EDIT: Added some paragraphs (spacing) in some sections so it looks more organized and less overwhelming.  
_____________________

[b]*Conclusion*

Dry spells are a huge thing in the "world of lucid dreaming," because the first objective to becoming a lucid dreaming master is actually having them!  I hope you learned a thing or two from this tutorial.  Of course, this isn't every way to end a dry spell, just a comprehensive list of ways to end one.

----------


## Kaniaz

I believe that a dry spell should be easy to get rid of. They don't exist. If you believe they do, your brain will say "okay then, i won't let you remember things." Or something. Blah blah blah. Nice article though. I don't like those irritating yellow arrow things though..

----------


## wasup

> _Originally posted by Kaniaz_
> *I believe that a dry spell should be easy to get rid of. They don't exist. If you believe they do, your brain will say \"okay then, i won't let you remember things.\" Or something. Blah blah blah. Nice article though. I don't like those irritating yellow arrow things though..*



That's true, but think of it this way.  Methods for LDing aren't needed, they are just there to help you get them.  If you believe you need methods, you need them (all LDing takes is a certain mindset).  If you have methods to help rid dry spells, 'twill be easier to do.  So wait... do you think I should add a section saying that a dry spell is just a barrier of the mind etc.?  I will if you want... 

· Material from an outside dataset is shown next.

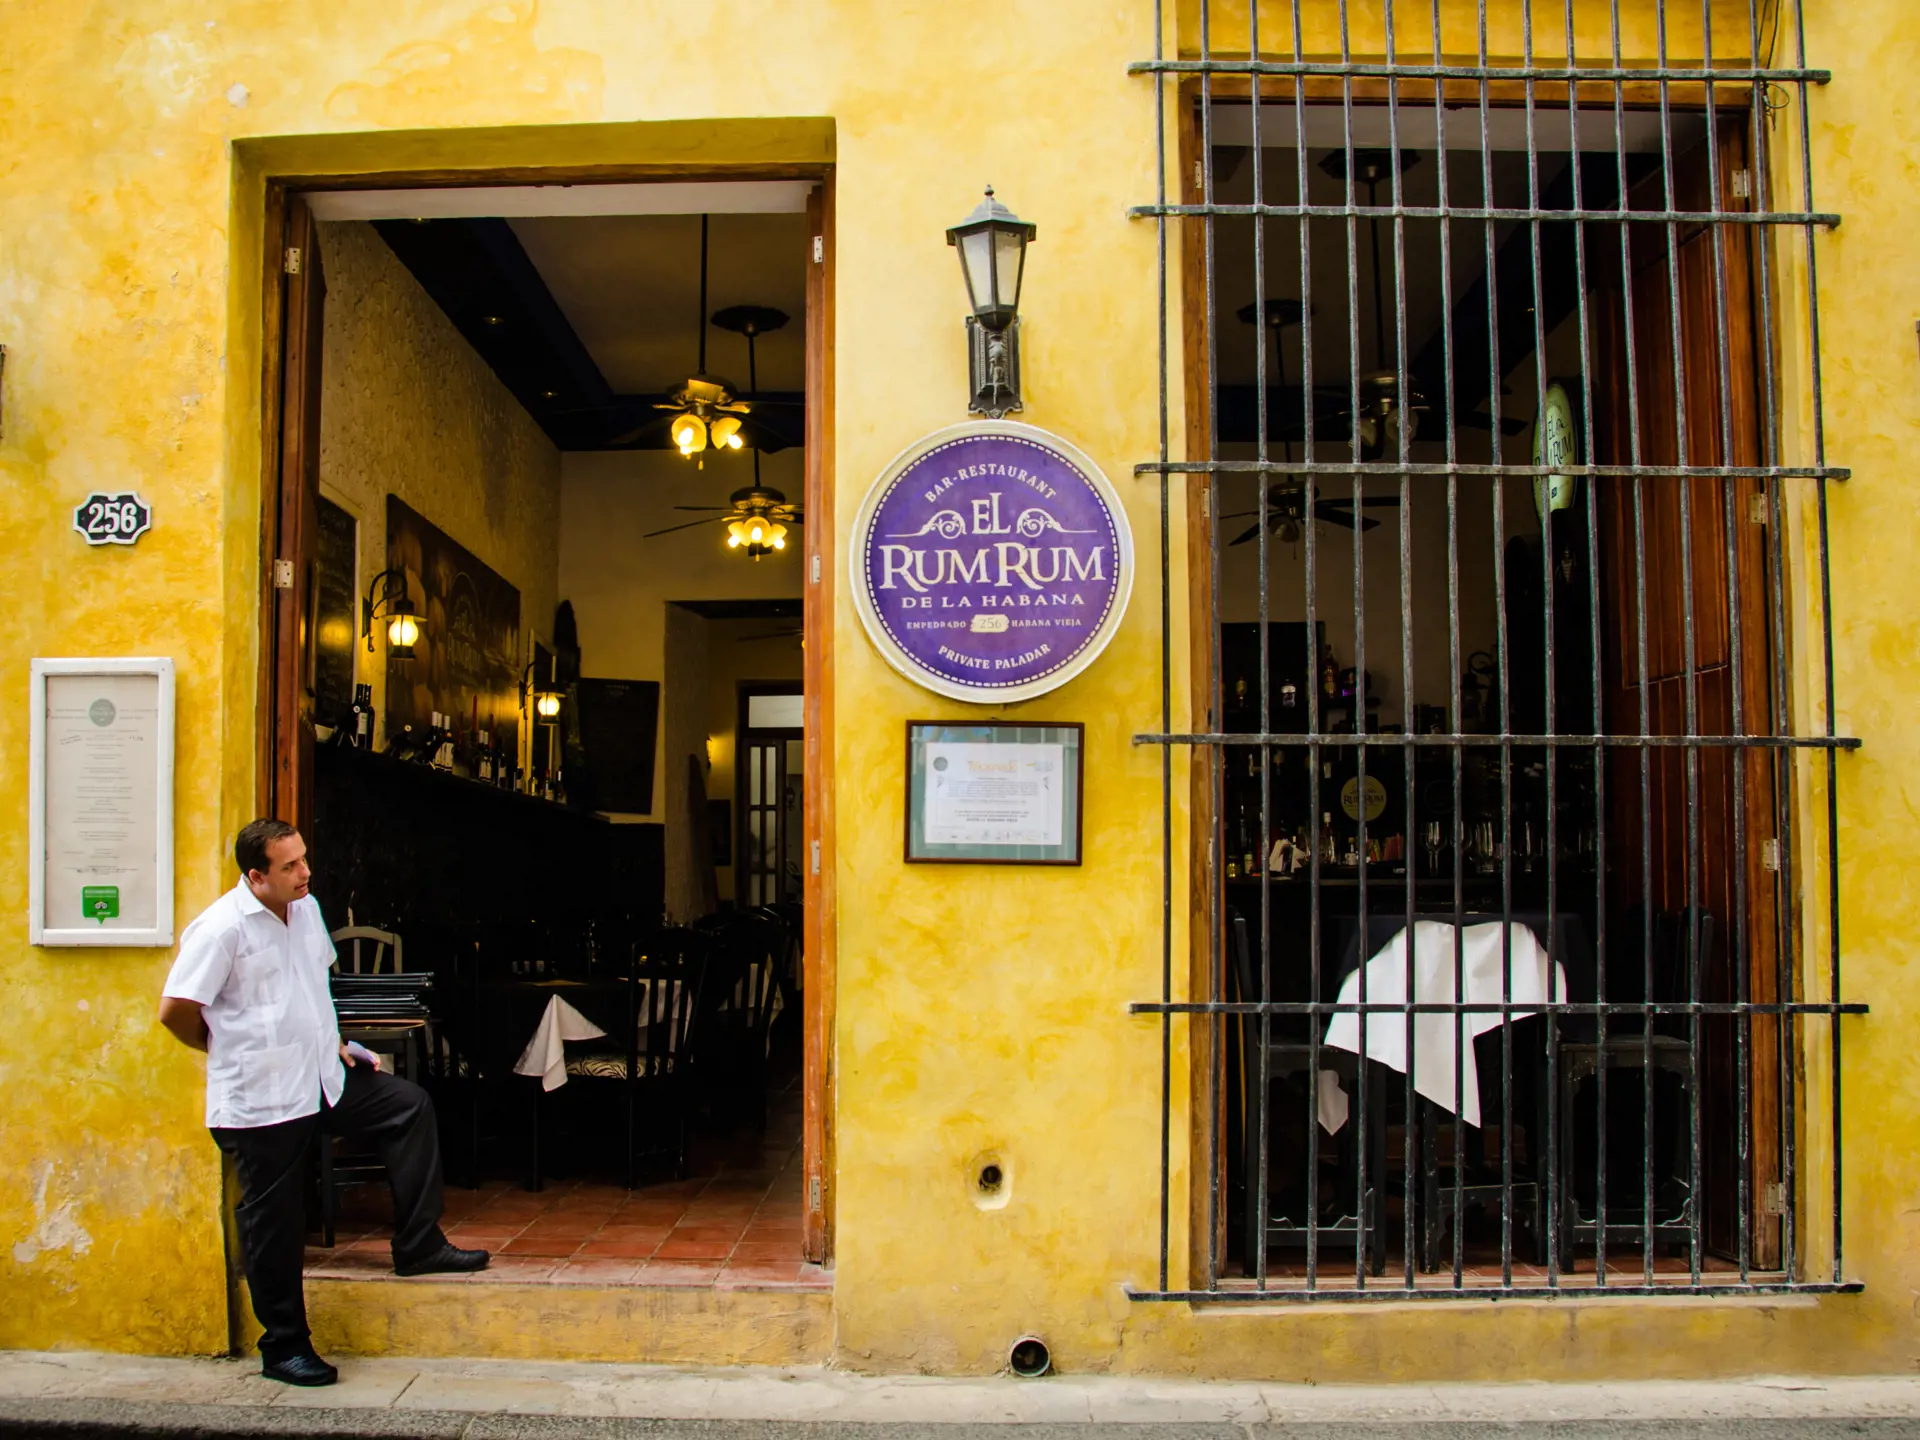 HAVANNA - Facaden til en af byens hyggelige restauranter "El Rum Rum".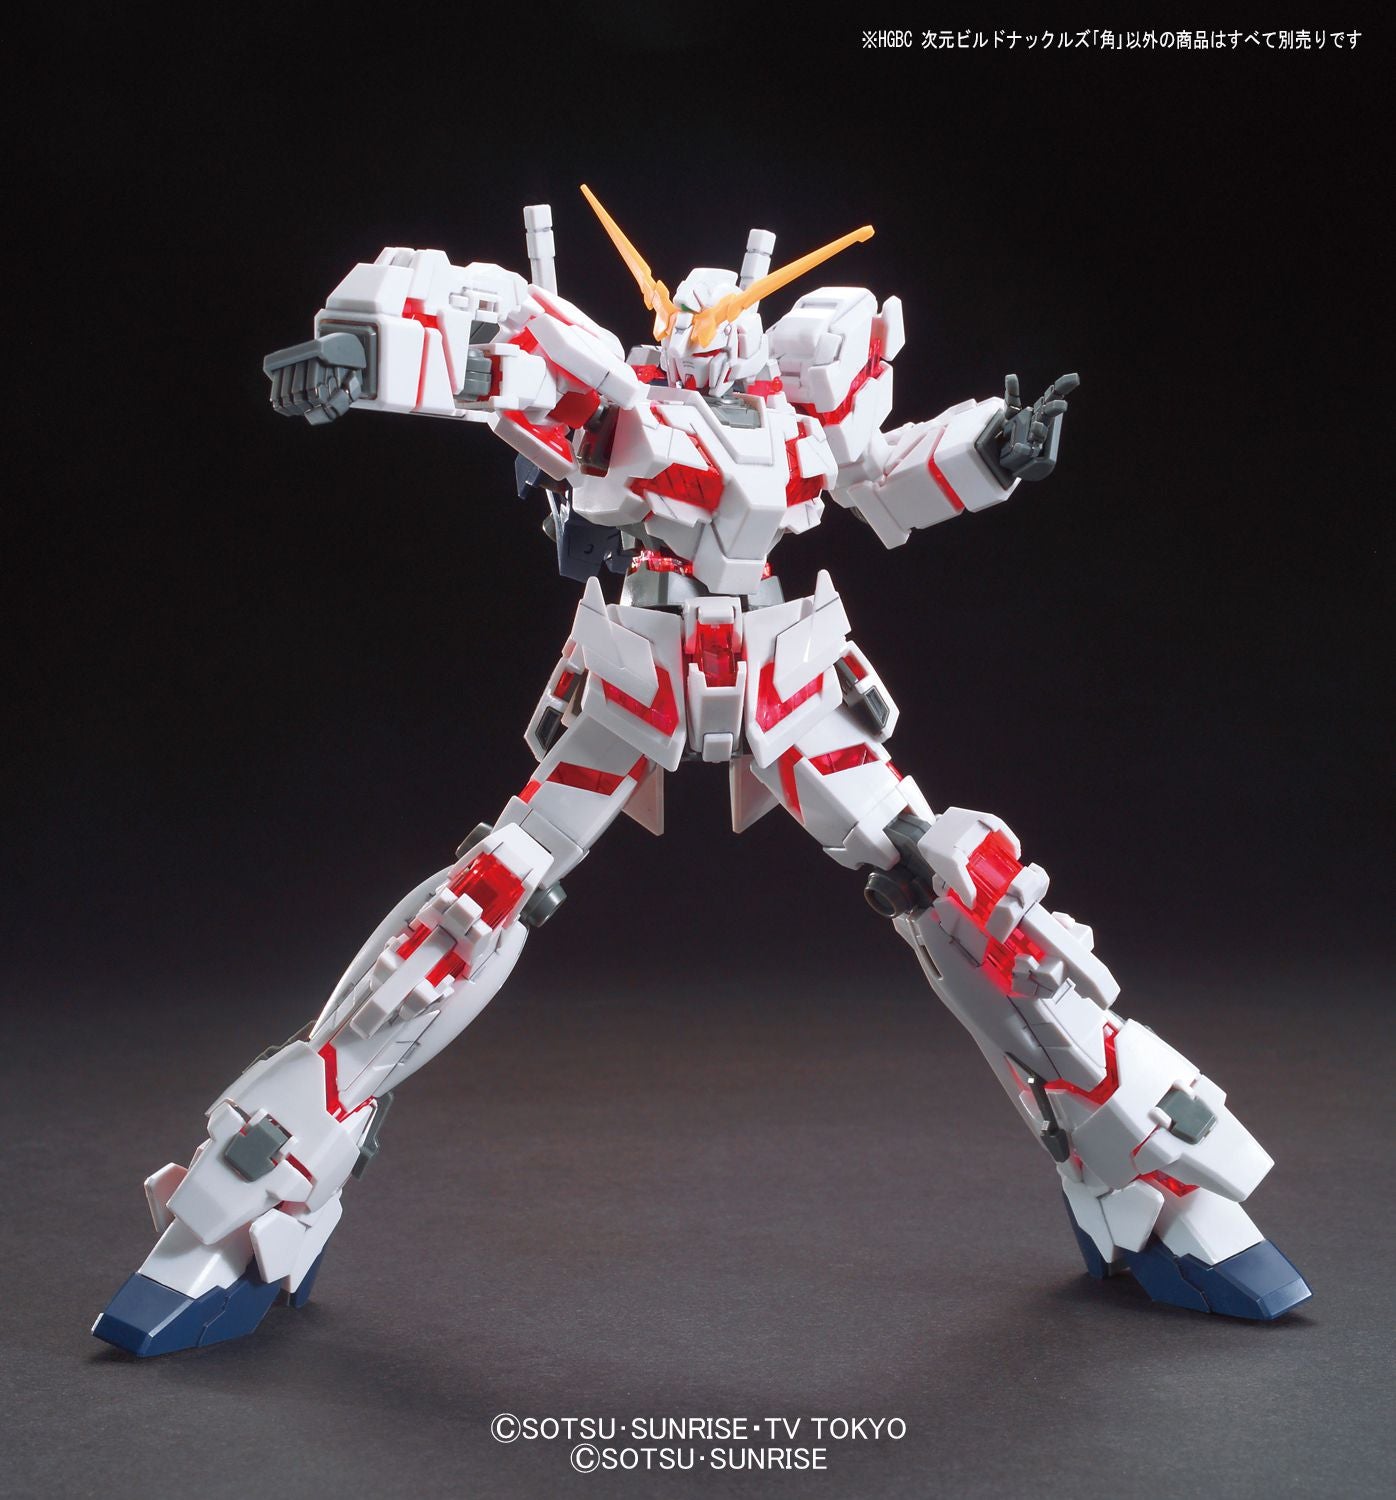 HGBC 1/144 Jigen Build Knuckles 'Kaku' - Gundam Build Fighters

And also, I see you are expressing your dislike for the arrows.  There is nothing wrong with that, but would you mind telling me a subsitute for them rather then just telling me you don't like them?  Should I just remove them and don't subsitute them for anything else?

----------


## Kaniaz

That's a problem. Views on it differ. You could add a section at the bottom saying "Some people believe dry spells are a barrier of the mind, lalalalal poo".

As for the arrows, kill them. Instead, bold those little header things. That's my opinon anyway.

----------


## wasup

Like that (see the top)?

Also... can you show me what you mean?  I'd rather not change the format myself now but I don't mind if someone else does.  Here's the code for you to do it...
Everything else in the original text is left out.